Александр впервые повстречал Луизу 2 ноября, на третий день после ее приезда в Петербург, а затем почти каждый день виделся с ней, в чем нельзя не заметить продуманную волю бабушки. Юноша легко поддался обаянию принцессы, и по его дневничку видно, как развивались его чувства к будущей супруге (дневник и сохранился-то, видимо, именно как память об этом). Вот 3 ноября после спектакля во дворце он впервые подошел к Луизе и заговорил с ней; 6 ноября провел с ней много времени, показывая Эрмитаж, а вечером во время игры Луиза загадала ему фант; 8 ноября во время большого выхода императрицы ему посчастливилось целый вечер сидеть рядом с Луизой, а 9 ноября Александр впервые пригласил ее на танец. В это время он уже «ощущал себя чрезвычайно влюбленным», как признавался дневнику.
Впрочем, окружающие отмечали, что при ухаживаниях Александр проявлял застенчивость и изрядное волнение.
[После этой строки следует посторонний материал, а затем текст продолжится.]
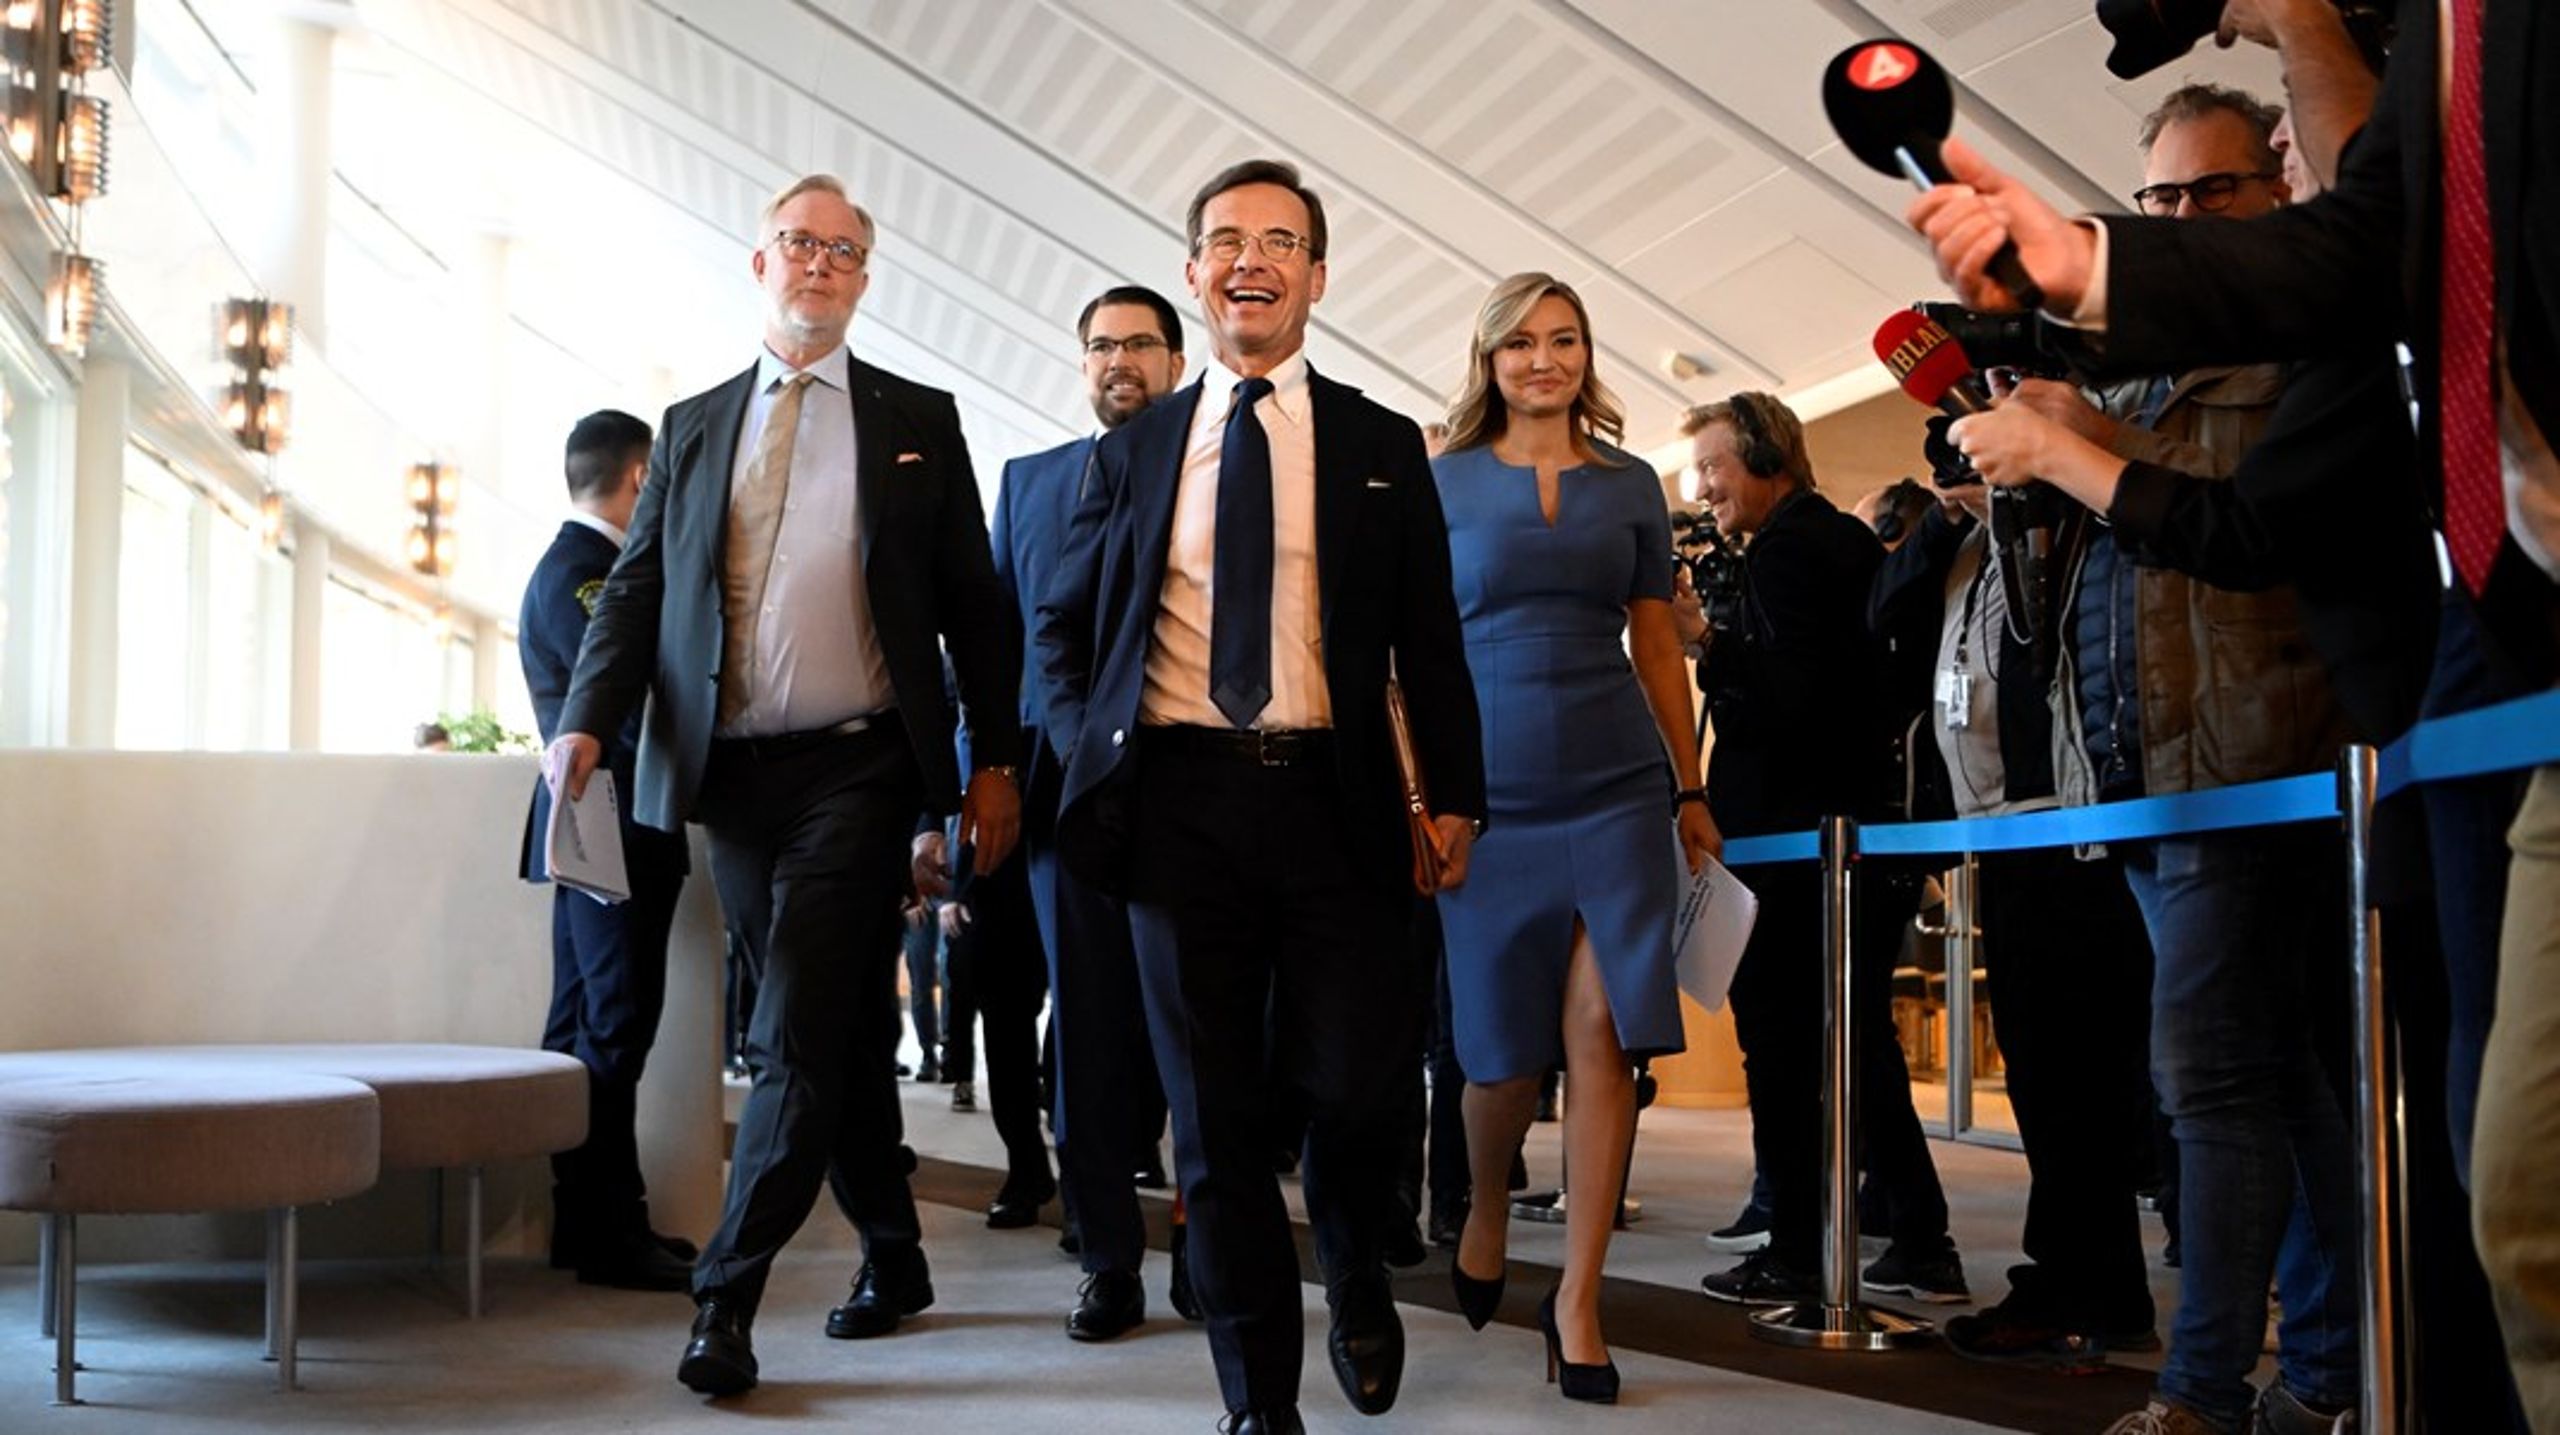 Mandag 17. oktober godkendte den svenske&nbsp;Riksdag formelt, at Sverige får en ny borgerlig regering med Moderaternas Ulf Kristersson i spidsen. Nu præsenterer han regeringens ministre.&nbsp;<br>

Живший вместе с ним Протасов каждый вечер (очевидно, по прямому заданию Екатерины) поддерживал разговор «о достоинствах принцессы» и с удовлетворением потом фиксировал в собственных записях, что обхождение великого князя с Луизой становится «посмелее и приятнее». Но некоторые наблюдатели видели, что, казалось бы, общий подростковый возраст будущих жениха и невесты по-разному отражался в их характерах. Граф Федор Гаврилович Головкин, приближенный П. А. Зубовым ко Двору и служивший там камер-юнкером до 1794 года, составил в 1810-х годах свои «Воспоминания», содержащие множество проницательных зарисовок и портретов из последних лет екатерининского царствования. О браке Александра он писал так:
Великий князь, будучи только на год старше своей невесты, еще не обладал выработанностью ума и характера; его манерам, кроме тех случаев, когда это требовалось представительством, не доставало грации и достоинства, хотя он был очень красив и образован. Принцесса, к ее несчастью, была воспитана при дворе, где достоинство манер обосновывалось только душевными качествами, а ее ум, под влиянием нежных забот высокопросвещенной матери, опередил ее возраст, и, к тому же, развиваясь, подвергся воздействию французской эмиграции, благодаря чему он приобрел гибкость и хороший вкус, составляющий прелесть домашней жизни. Поэтому великий князь, питая к ней уважение, был немного обижен ее превосходством, тогда как его невеста, которая не могла его ни в чем упрекнуть, испытывала некоторую неловкость при мысли о предстоящей связи с ребенком[89].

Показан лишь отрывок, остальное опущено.